Working with CPF

MarkLogic's Content Processing Framework lets you set up a state transition graph, where a series of pipelines are run against documents. CPF manages documents moving through the pipelines so that your application doesn't have to. This page describes how to use Roxy to set up and deploy CPF. See MarkLogic's CPF documentation for full details.

Triggers Database

You must configure a triggers database to deploy CPF. Note that "clean triggers" will remove ALL triggers from the specified triggers database. You should set up a database specifically for your application's triggers, not use the provided Triggers database.
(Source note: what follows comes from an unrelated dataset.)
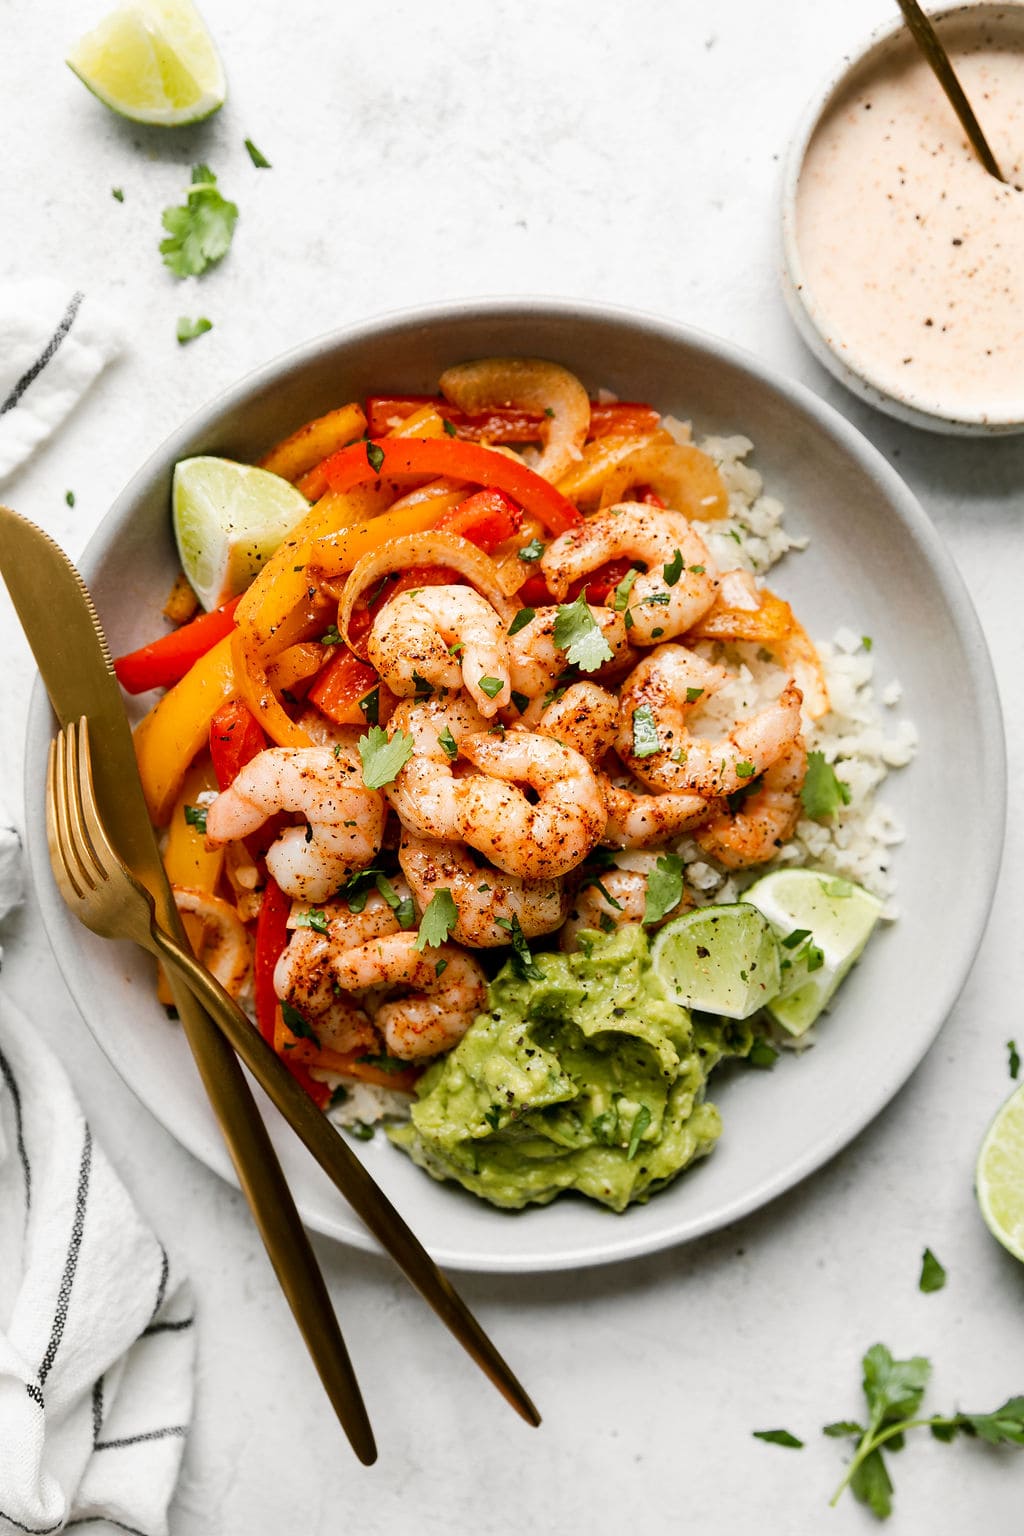 Overhead view of sheet pan shrimp fajita bowls served on a plate layered with cauliflower rice, peppers and onions, and topped with fajita shrimp. Avocado and limes on the side.

Specify the triggers database with the triggers-db property in build.properties.

Initialization

Roxy's CPF configuration depends on one file: deploy/pipeline-config.xml. To create this file, run this command:

$ ml initcpf

This command will create the basic config file for you to modify.

Configuration

Configuring Pipelines

System Pipelines

MarkLogic comes with a set of built-in pipelines. When configuring CPF in Roxy, you can refer to these pipelines by name. For instance, here's the configuration for the Status Change Handling pipeline, which should be a part of nearly all your CPF configurations.

  <system-pipelines>
    <system-pipeline>Status Change Handling</system-pipeline>
  </system-pipelines>

To find the correct names for other System-provided pipelines, go to the source. You'll find the pipeline config files in the MarkLogic installation directory, then MarkLogic/Installer/. Look for files called *-pipeline.xml. Near the top of those files, you'll find a element. Make sure you capture the full name, exactly as specified.

Application Pipelines

For pipelines specific to your application, you will provide an XML document describing your pipeline and XQuery modules that implement it.

The XQuery modules must be under your project's source code directory (src) so that they will get deployed. It's good practice to put the XML pipeline description files in the same place, for clarity. With that in mind, create a src/pipelines directory that will hold both sets of files. The XML pipeline files should follow the same format that the system pipelines use. See MarkLogic's documentation for what the XQuery modules should expect.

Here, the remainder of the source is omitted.